То, что румяный пухлый мальчик начал превращаться в бледного рыхлого дебила, первым заметил отчим. Как-то осенним вечером, сильно не добрав «Перцовой», он сообщил матери глухим голосом, что Фет, по-видимому, ее скоро зарежет. «Почему так?» — ужаснулась мать. «Потому что он не читает книг, бардзо, — строго сказал отчим. — Я в его годы уже прочел „Белеет парус одинокий“». Мама в отчаянии опустилась на стул. Похоже, что до нее только сейчас дошел весь ужас создавшегося положения. Она, режиссер дубляжа иностранных фильмов на московской студии, родила сына, который не знал и не хотел знать прозаика Катаева, поэтов Грибачева, Смелякова, Тихонова, Драча и других достойных героев своего времени… Пропиливание сына «Одиноким парусом» продолжалось весь вечер, и Фет, перед сном почувствовав, что разваливается пополам, торжественно обещал эту книгу прочесть. Однако слова своего не сдержал, а посмотрел по телевизору одноименный фильм, который сильно озадачил. Там два паренька из революционной Одессы скрывали от царской полиции раненого матроса с крейсера «Броненосец Потемкин». Матрос весь фильм стонал, покрывался потом и бредил, а в конце выстрелил в воздух из здоровенного маузера. Решив про себя, что содержание произведения усвоено и переварено, Фет решил не тратить времени на книгу.

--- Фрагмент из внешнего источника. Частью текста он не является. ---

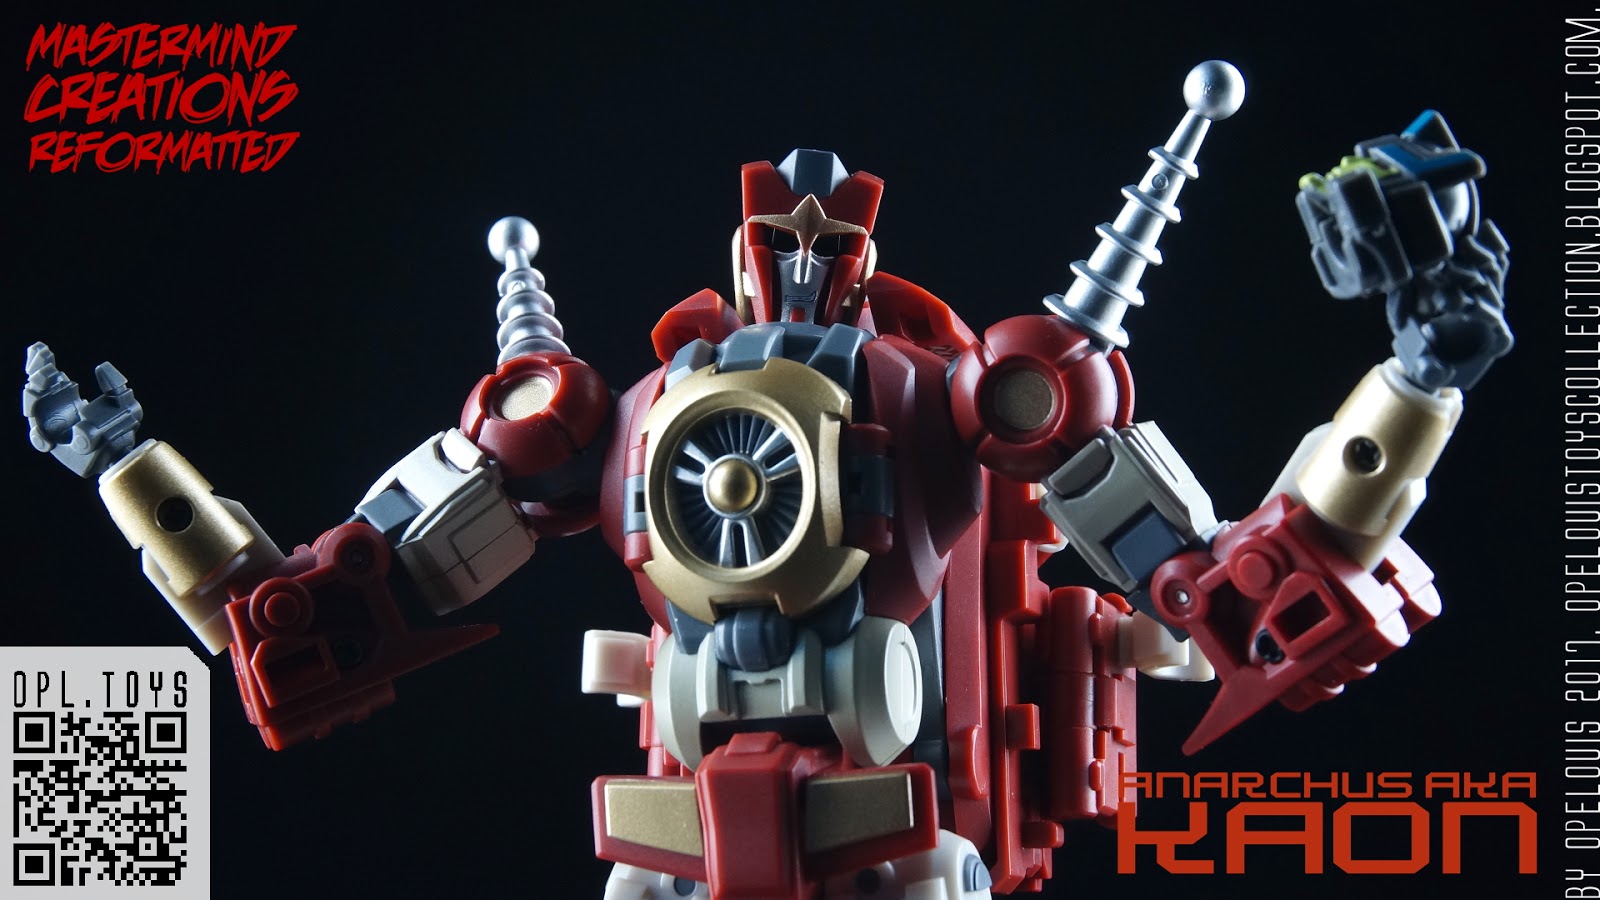 Opelouis S Toys Collection Mastermind Creations Reformatted R 16 Anarchus Aka D J D Kaon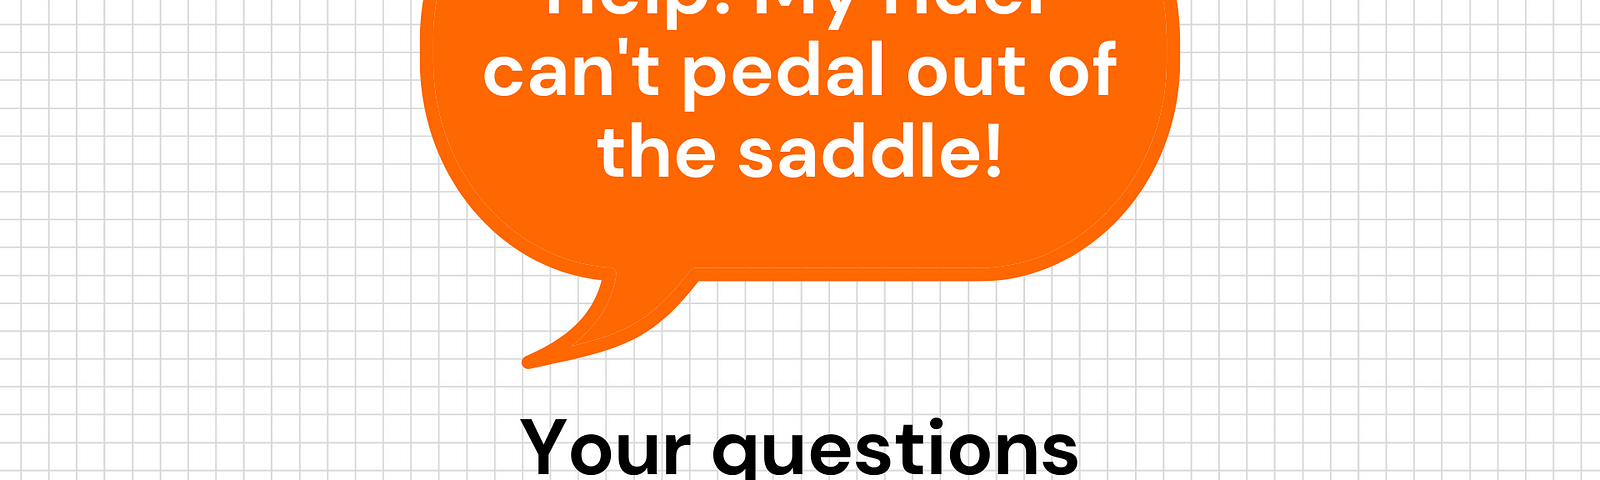 My rider can’t pedal out of the saddle — indoor cycling questions answered.

…Он прошел спортивную площадку и увидел, что деревянных ящиков, которые днем были разбросаны повсюду, уже нет. Кто-то собрал их и, скорее всего, в недалеком будущем построит из ящиков дачу или еще что-нибудь дельное. Он слышал про такие случаи, отмечая, что его мама завистливо вздыхает, когда кто-нибудь рассказывает про излишнюю расторопность их многочисленных знакомых. Но Фета не трогала подобного рода предприимчивость. Его трогала только музыка. И это было как наваждение.
Он шел к подъезду через утоптанные суконно-войлочной обувью сугробы, погруженный, как обычно, в тяжелую думу.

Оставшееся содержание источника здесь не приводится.